10. A student investigated the purity of a sample of magnesium chloride, MgCl₂ - Scottish Highers Chemistry - Question 10 - 2019

To find the mass of magnesium chloride, we start by using the molar ratios from the balanced equation:

From the reaction, we have: $MgCl₂ + 2AgNO₃ \rightarrow 2AgCl + Mg(NO₃)₂$

Using the molar mass of silver chloride (AgCl) and magnesium chloride (MgCl₂):

• Molar mass of AgCl = 143·4 g/mol
• Molar mass of MgCl₂ = 95·3 g/mol

We first determine the number of moles of silver chloride produced:

$n = \frac{mass}{molar mass} = \frac{1.393 g}{143.4 g/mol} \approx 0.0097 \text{ mol}$

From the equation, 1 mole of MgCl₂ produces 2 moles of AgCl.
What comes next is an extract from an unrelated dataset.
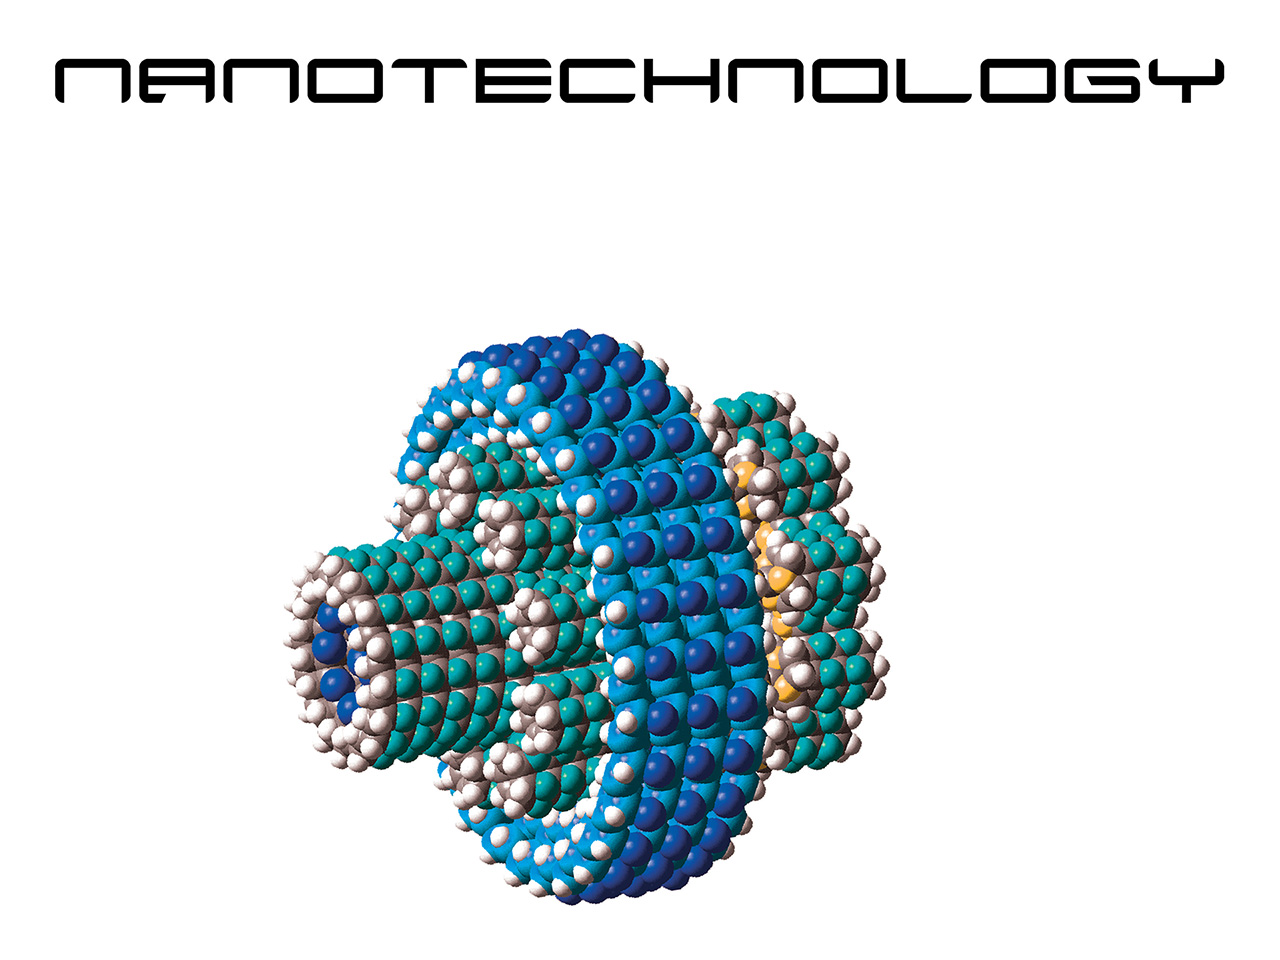 Sistem Cetak Warna dengan NanoTeknologi Mulai Dikembangkan

Thus, the number of moles of MgCl₂ is half the moles of AgCl:

$n_{MgCl₂} = \frac{0.0097 \text{ mol}}{2} \approx 0.00485 \text{ mol}$

Now, calculate the mass of MgCl₂:

$\text{mass} = n \times \text{molar mass} = 0.00485 ext{ mol} \times 95.3 g/mol \approx 0.462 g$

To calculate the percentage of magnesium chloride in the original sample, we use the formula:

$\% \text{ of MgCl}_2 = \left( \frac{\text{mass of MgCl}_2}{\text{mass of impure sample}} \right) \times 100$.

Using the mass calculated previously: $\% \text{ of MgCl}_2 = \left( \frac{0.462 g}{2.503 g} \right) \times 100 \approx 18.4\%$